Recently, scientists have begun to wonder
if mankind is too dependent on honeybees. The
scientific warning signs came in two reports
last October.
First, the National Academy of Sciences
said pollinators, especially America's honeybee,
were under threat of collapse because of a
variety of factors. Captive colonies in the
United States shrank from 5.9 million in 1947 to
2.4 million in 2005.
Then, scientists finished mapping the
honeybee genome and found that the insect did
not have the normal complement of genes that
take poisons out of their systems or many
immune-disease-fighting genes.

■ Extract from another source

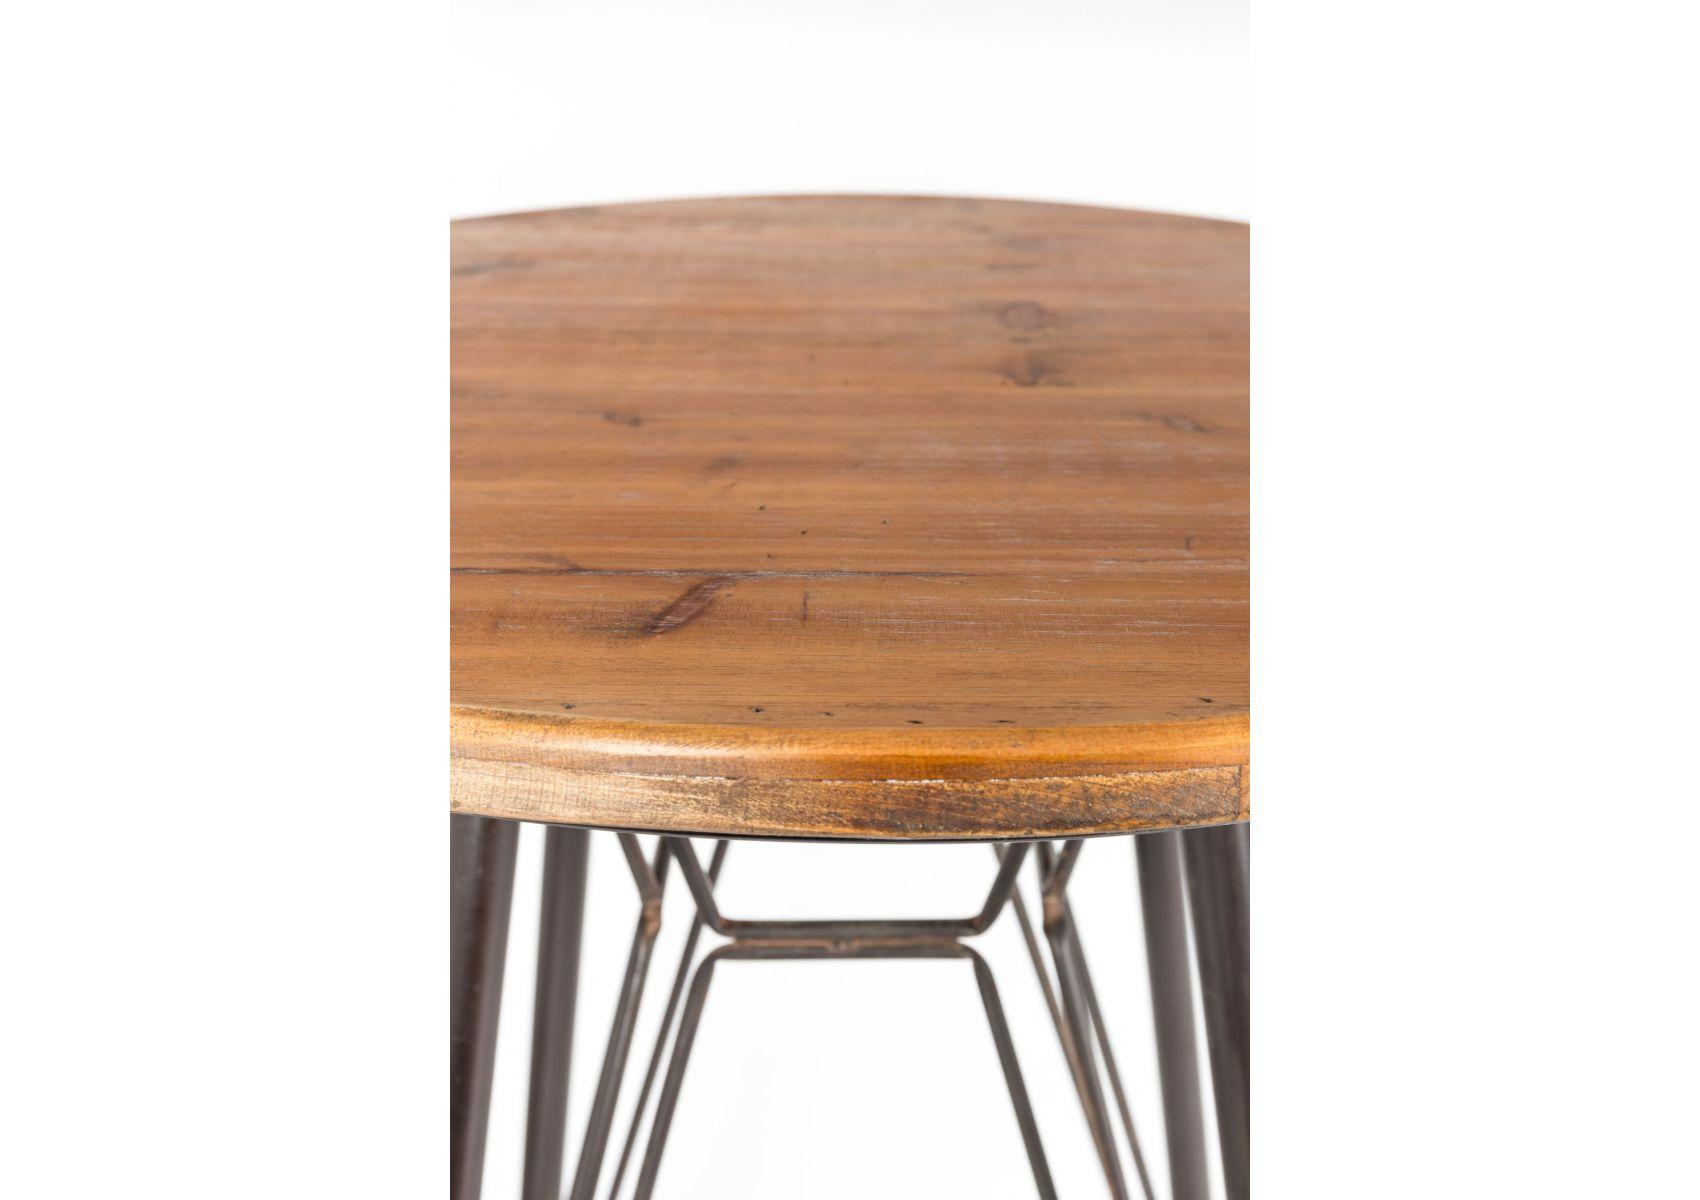 table de bar bois et m tal rouill industriel whiskey. Black Bedroom Furniture Sets. Home Design Ideas

A fruitfly or a
mosquito has twice the number of genes to fight
toxins, University of Illinois entomologist May
Berenbaum.
What the genome mapping revealed was "that
honeybees may be peculiarly vulnerable to
disease and toxins," Berenbaum said.
University of Montana bee expert Jerry
Bromenshenk has surveyed more than 500
beekeepers and found that 38 percent of them had
losses of 75 percent or more. A few weeks back,
Bromenshenk was visiting California beekeepers
and saw a hive that was thriving. Two days
later, it had completely collapsed.
Yet Bromenshenk said, "I'm not ready to
panic yet." He said he doesn't think a food
crisis is looming.
Even though experts this year gave what's
happening a new name and think this is a new
type of die-off, it may have happened before.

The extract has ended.